Many of the outward signs of visible tree decline are directly related to issues in the roots. The roots have vital functions for healthy trees, such as stability and structure, moisture uptake and energy storage.

Planting a tree the right way

Let's start at the beginning. Often, trees are installed wrong. They are planted too deep or too high, or the root ball is not treated properly. A common problem is that nurseries use a synthetic burlap to ball the trees up for transplanting. This synthetic burlap needs to be removed or sliced open at the time of planting to ensure that roots can grow freely into the outer soil area, producing healthy root structure. Trees where the plastic burlap is left on often fall over when the tree grows larger but the root ball remains small and contained.

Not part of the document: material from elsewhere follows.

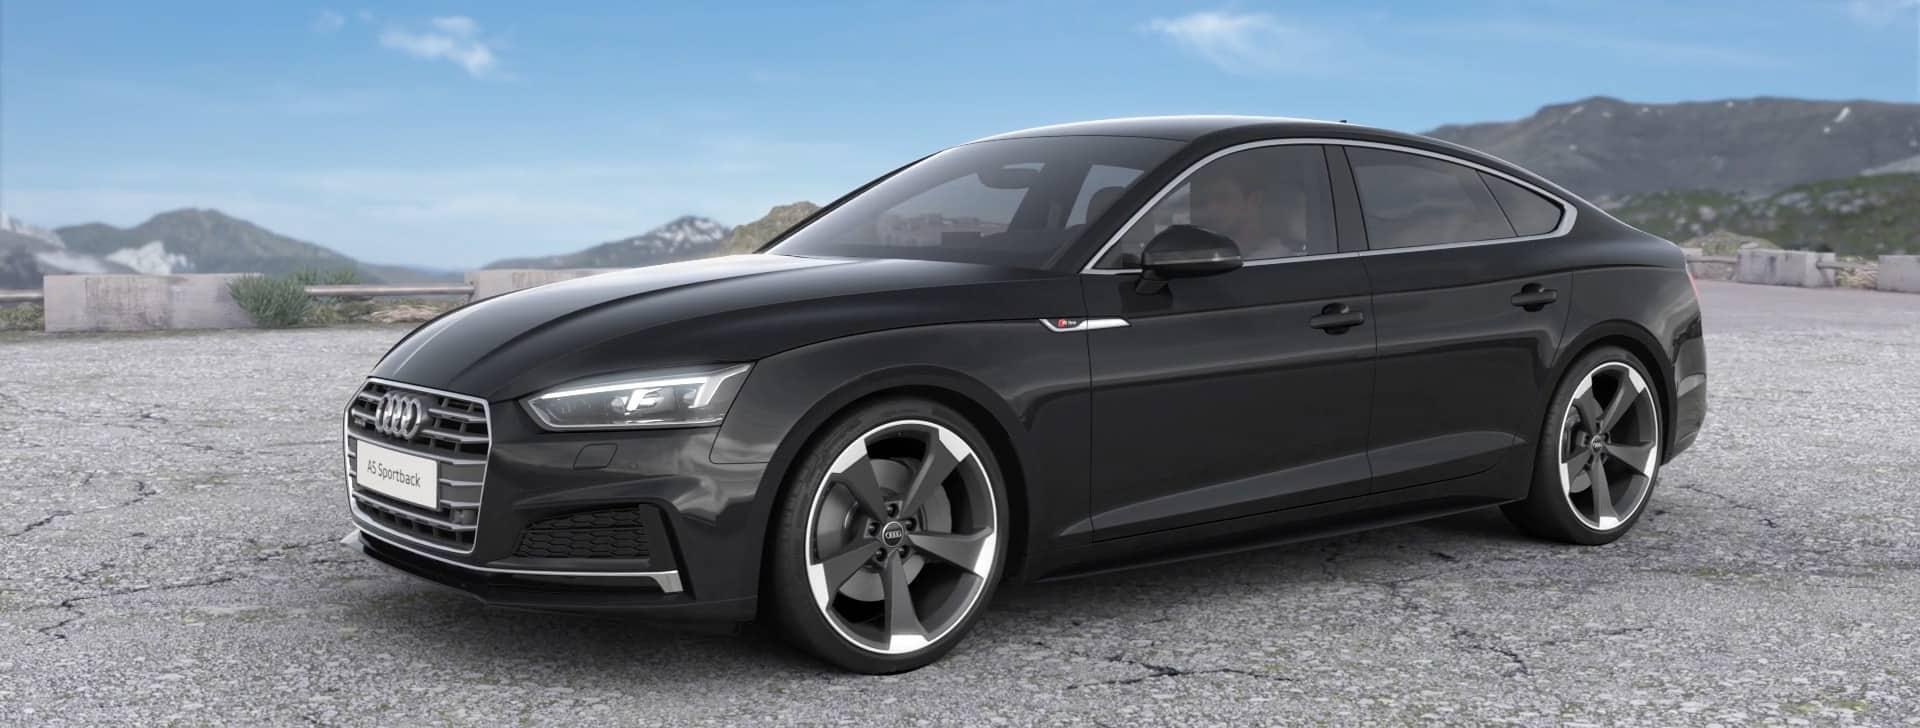 Audi A Sportback A Audi Middle East - Audi a5 sportback

When the roots aren't happy the tree is not happy. Many common problems with tree roots are caused by caring homeowners trying to help their trees, but they aren't aware of proper cultural practices. Start by protecting the trees roots by keeping vehicles and equipment away from the trunk and roots of the tree. This can prevent injury and future rotting or insect damage by keeping the tree healthy and whole.

More Tree Information

Thinking of planting a tree or need more advice on caring for yours? Check out these articles:

Angi Guide to Tree Care and Services

When is the best time to plant a tree?

Arborists discuss benefits of planting trees

Easy on the mulch

Mulching your trees looks nice and can retain moisture, but often excessive mulching leads to girdled roots, insect infestations and rotting of the trunk flare. Keep the mulch about 8 inches away from the base of your trees to ensure that the base is dry and free from excessive moisture against the bark. A light coating of an inch and a half is plenty to aid in weed control and moisture retention.

Water wisely

Too little water can be bad, but too much can be as bad or worse. Excessive watering can drown the roots, starving the tree of oxygen and showing decline in the leaves of the tree. Fill a 5-gallon bucket with a few small holes in the bottom with water and set at the base of the tree. It's a good way to get a deep and thorough watering while monitoring the amount of water the tree is getting.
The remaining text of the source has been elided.